**Task brief:** The needed output is the run of lines below from the one containing "不鏽鋼電動伸縮門中國龍一號 5" through the one containing "Pianta Di Banana", copied exactly and free of pictures.
====== Information shown ======
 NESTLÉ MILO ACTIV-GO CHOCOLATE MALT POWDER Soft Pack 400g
======
====== Information shown ======
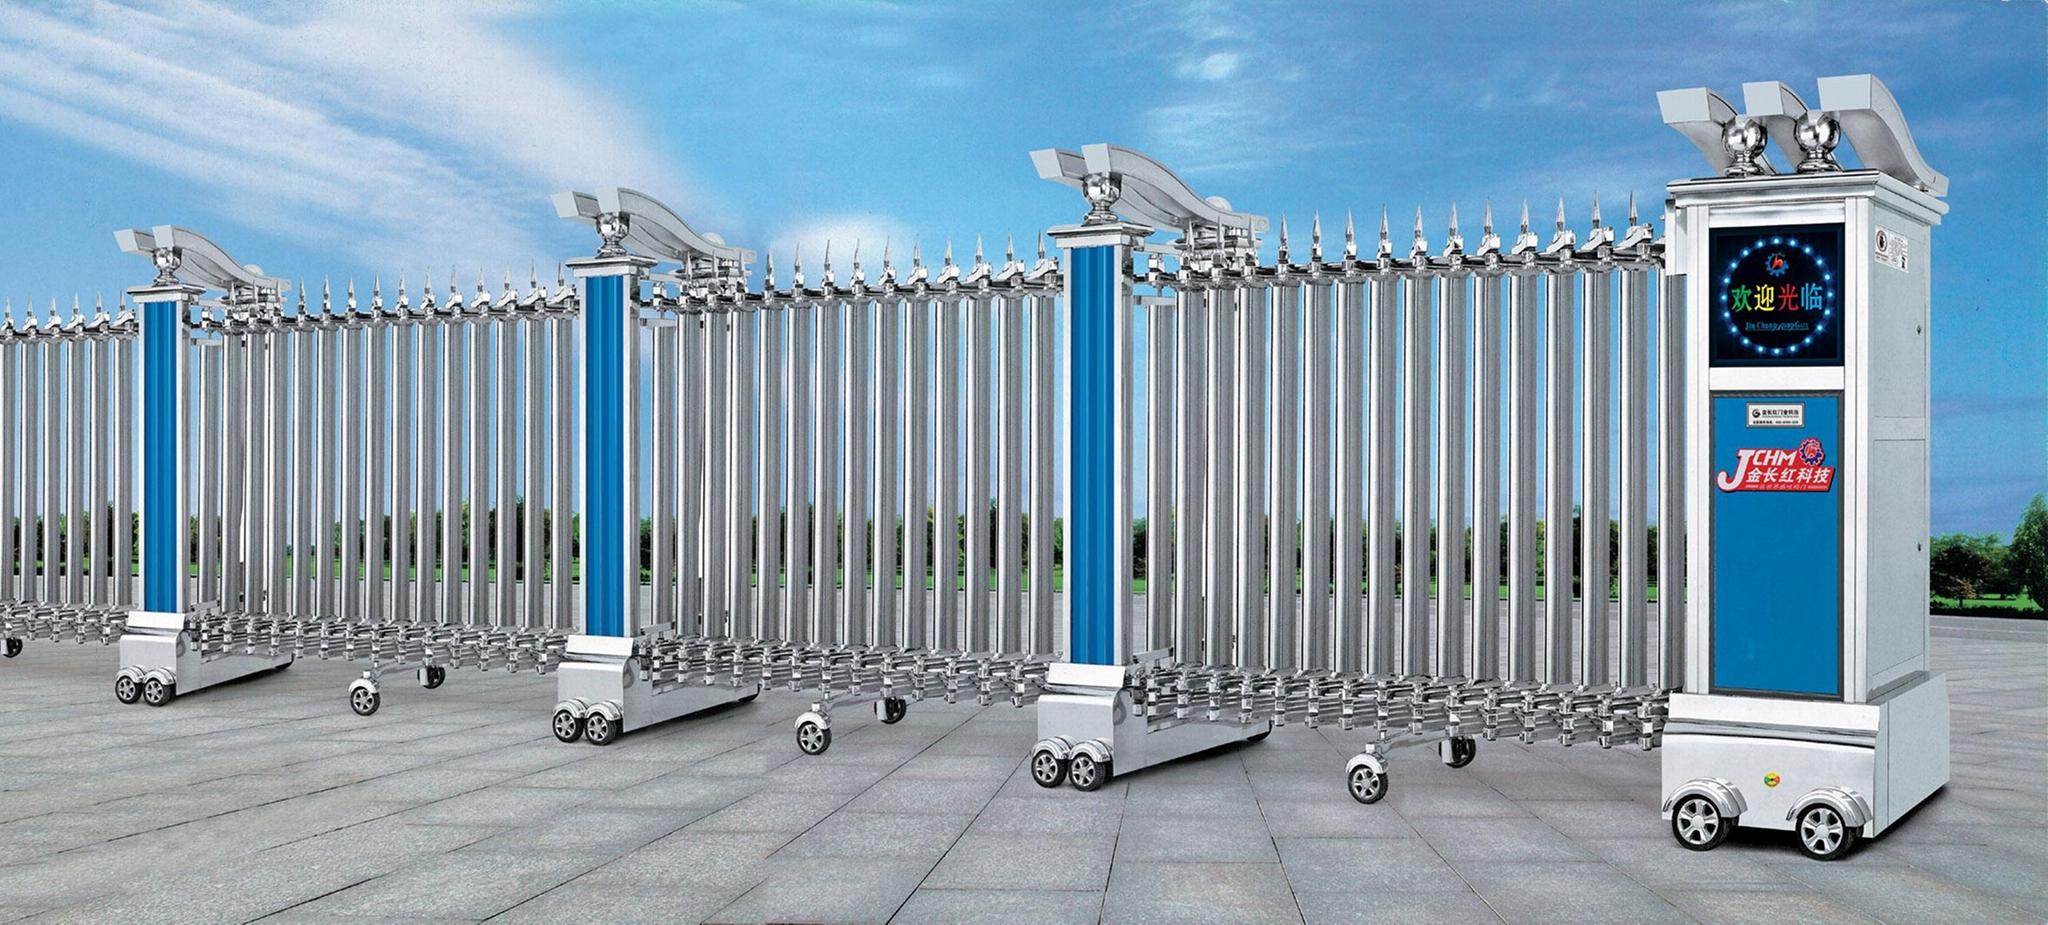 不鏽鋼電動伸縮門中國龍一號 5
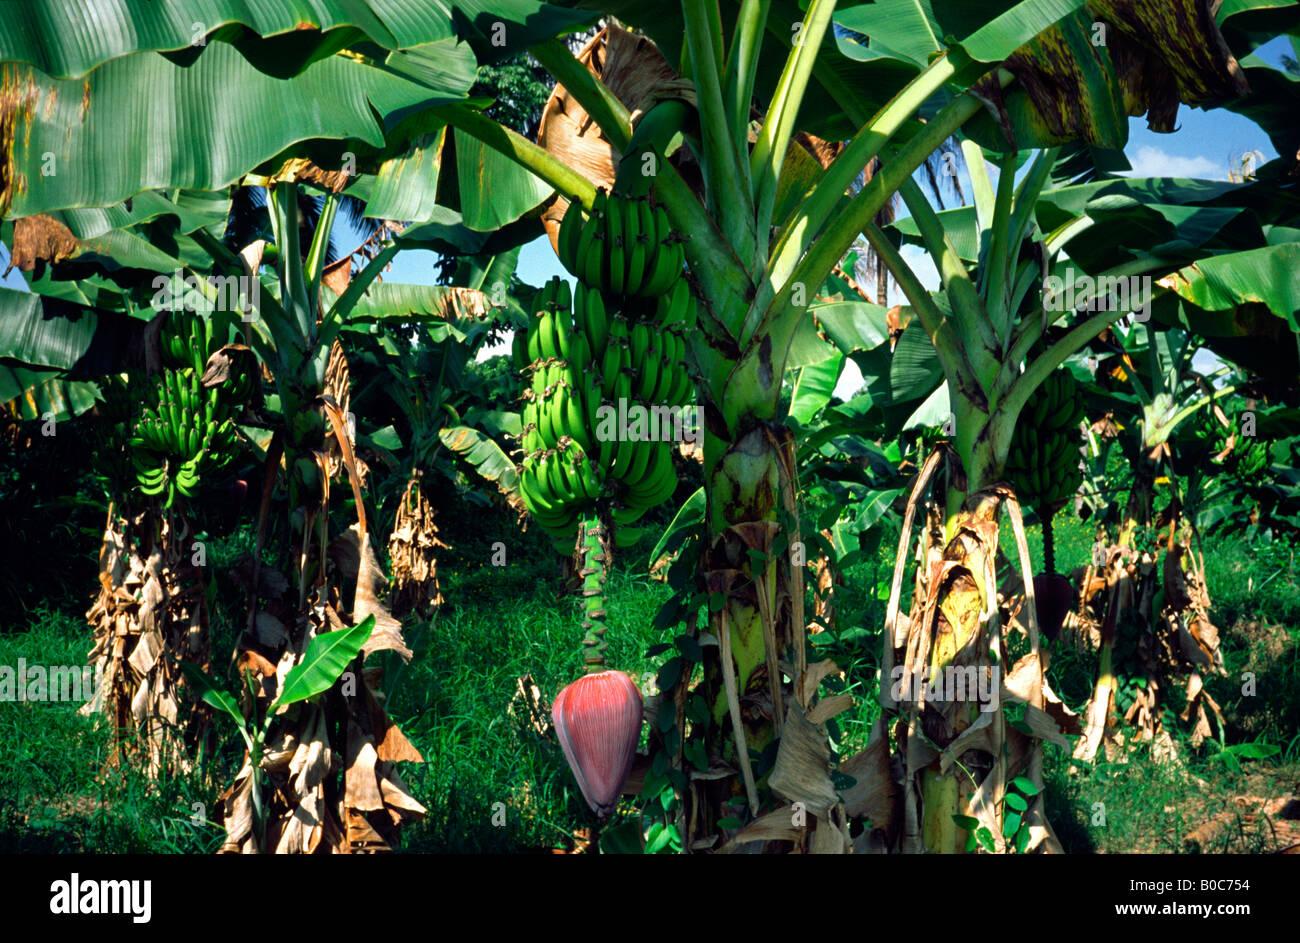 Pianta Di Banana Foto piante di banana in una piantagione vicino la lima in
======
**Answer to the exercise:**
 不鏽鋼電動伸縮門中國龍一號 5
 Pianta Di Banana Foto piante di banana in una piantagione vicino la lima in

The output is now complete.